# 80cm - Blyxa Hills



## gf225 (Mar 26, 2005)

*Fish* -

_Hyphessobrycon amadae _(Ember tetra)
_Hyphessobrycon matae_ (Rio Meta tetra)
_Otocinclus sp._ (Oto)
_Caradina multindentata_ (Amano shrimp)

*Plants* -

_Blyxa japonica
Glossostigma elatinoides
Lilaeopsis brasiliensis
Pogostemon helferi
Anubias barteri var. nana
Eleocharis acicularis
Cryptocoryne wendtii 'Green'
Rotala sp. 'Green'
Rotala rotundifolia_

















[/quote]


----------



## Jervis (Feb 22, 2008)

It's simply inspirational... everything is so fresh and green!!!


----------



## Jessie (Apr 23, 2007)

It does feel very fresh! I love it! Your fish selection is great too.


----------



## goalcreas (Nov 20, 2006)

Wow, I saw the close up photo's on ASW and wondered what the whole tank looked like.
Very impressive.


----------



## trackhazard (Sep 20, 2006)

Very nice.

I like how the negative space mirrors the rest of the scape almost like a yin-yang. Creates a nice sense of balance. The balance is what really gets to me on this one.

-Charlie


----------



## kakkoii (Jan 18, 2008)

I really like it!


----------



## Genin (Jan 28, 2007)

It's people like you that are the reason that I hate my own scapes!!!!!! 

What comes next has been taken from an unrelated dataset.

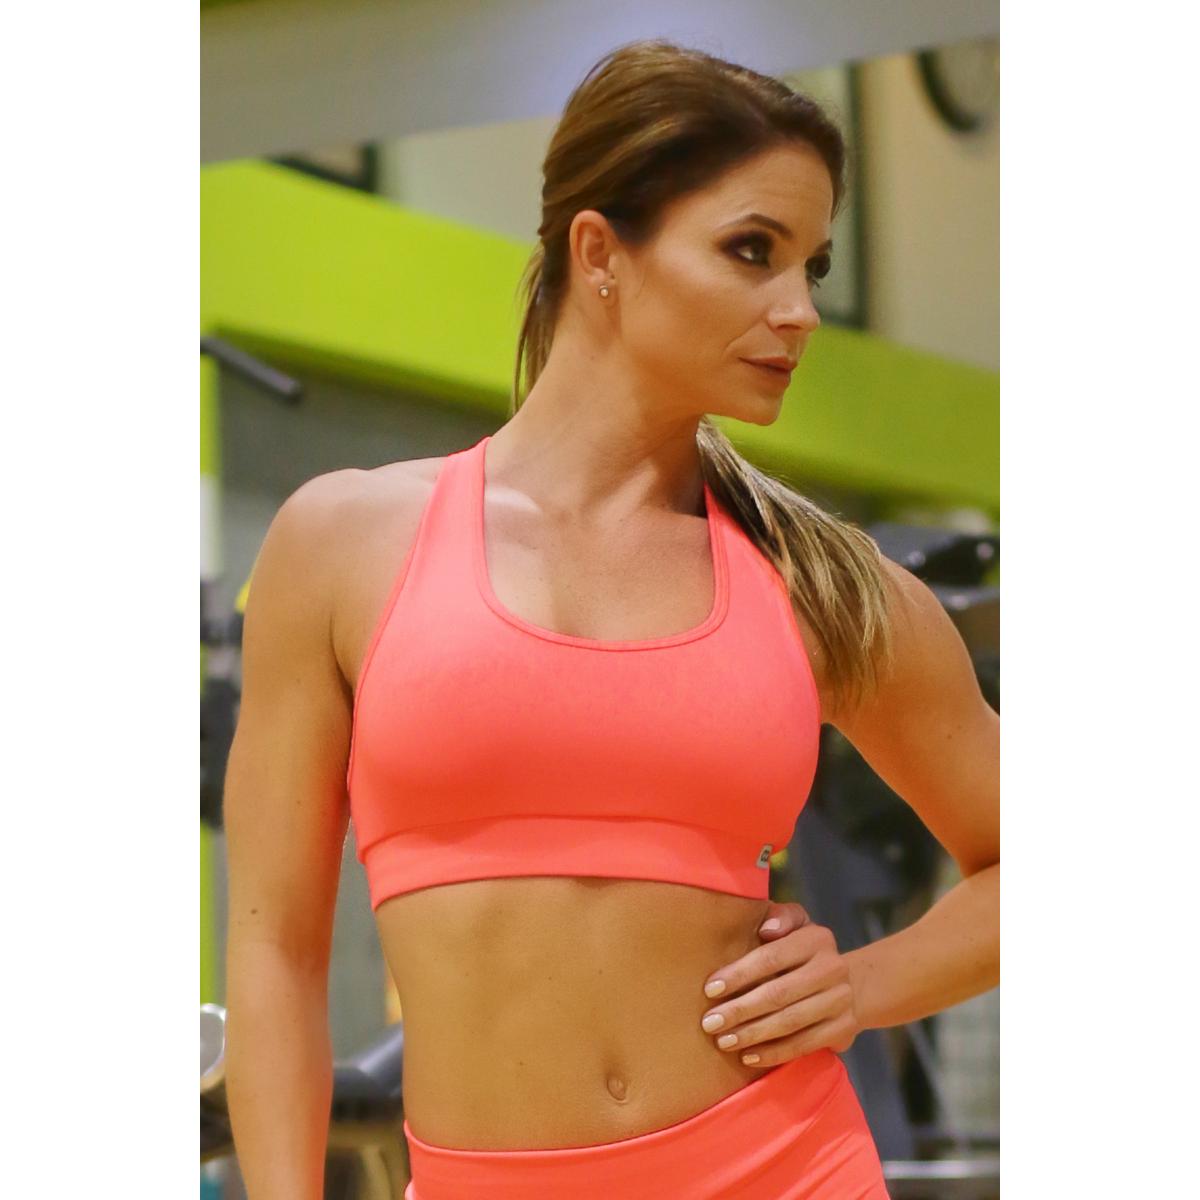 Neon korall (rio) basic női fitness sport top

just playing, I am envious. It look wonderful and very healthy.


----------



## cs_gardener (Apr 28, 2006)

I love the flow to the tank, it's very pleasing to the eye and easy to get lost in. Great choice of fish and excellent photos!


----------



## gf225 (Mar 26, 2005)

Thanks for the all kind comments!


----------



## bratyboy2 (Feb 5, 2008)

its so lush and beautiful


----------



## jjyo888 (Jan 27, 2007)

whats the size of your tank?


----------



## jciotti (Aug 14, 2007)

Top notch


----------



## stewy098 (Mar 6, 2008)

wow very nice tank what type of camera did you use


----------



## MikeD (Feb 26, 2006)

AWESOME! I love your tank!


----------



## snuffy (Oct 19, 2007)

That's HOT! Love your plants so green and healthy! How long did it take you to get your tank up to this point?


----------



## Mark1 (Feb 5, 2008)

This tank looks great and plants healthy, congratulations, excellent work!
It is the one you´ve already posted teaser shot´s, isn´t it?

Greetz,
Mark.


----------



## Robert Hudson (Feb 5, 2004)

George, of all the tanks you have ever done, this is my all time favorite! Nice job. I love the hill.


----------



## hedson_25 (Sep 20, 2005)

green fantastic!


----------



## slowhand35 (Apr 13, 2007)

Beautiful setup


----------



## Bert H (Mar 2, 2004)

Looks great, George!


----------



## aquanut (Jun 26, 2007)

love the scape! It looks very nice. I really like how open it is on the left in contrast with the right hand side. beautifully done.


----------



## apistaeasy (Jul 16, 2004)

How did you get your embers so red? I fee mine cyclops, and still they are not nearly as red as yours...I'm jealous.


----------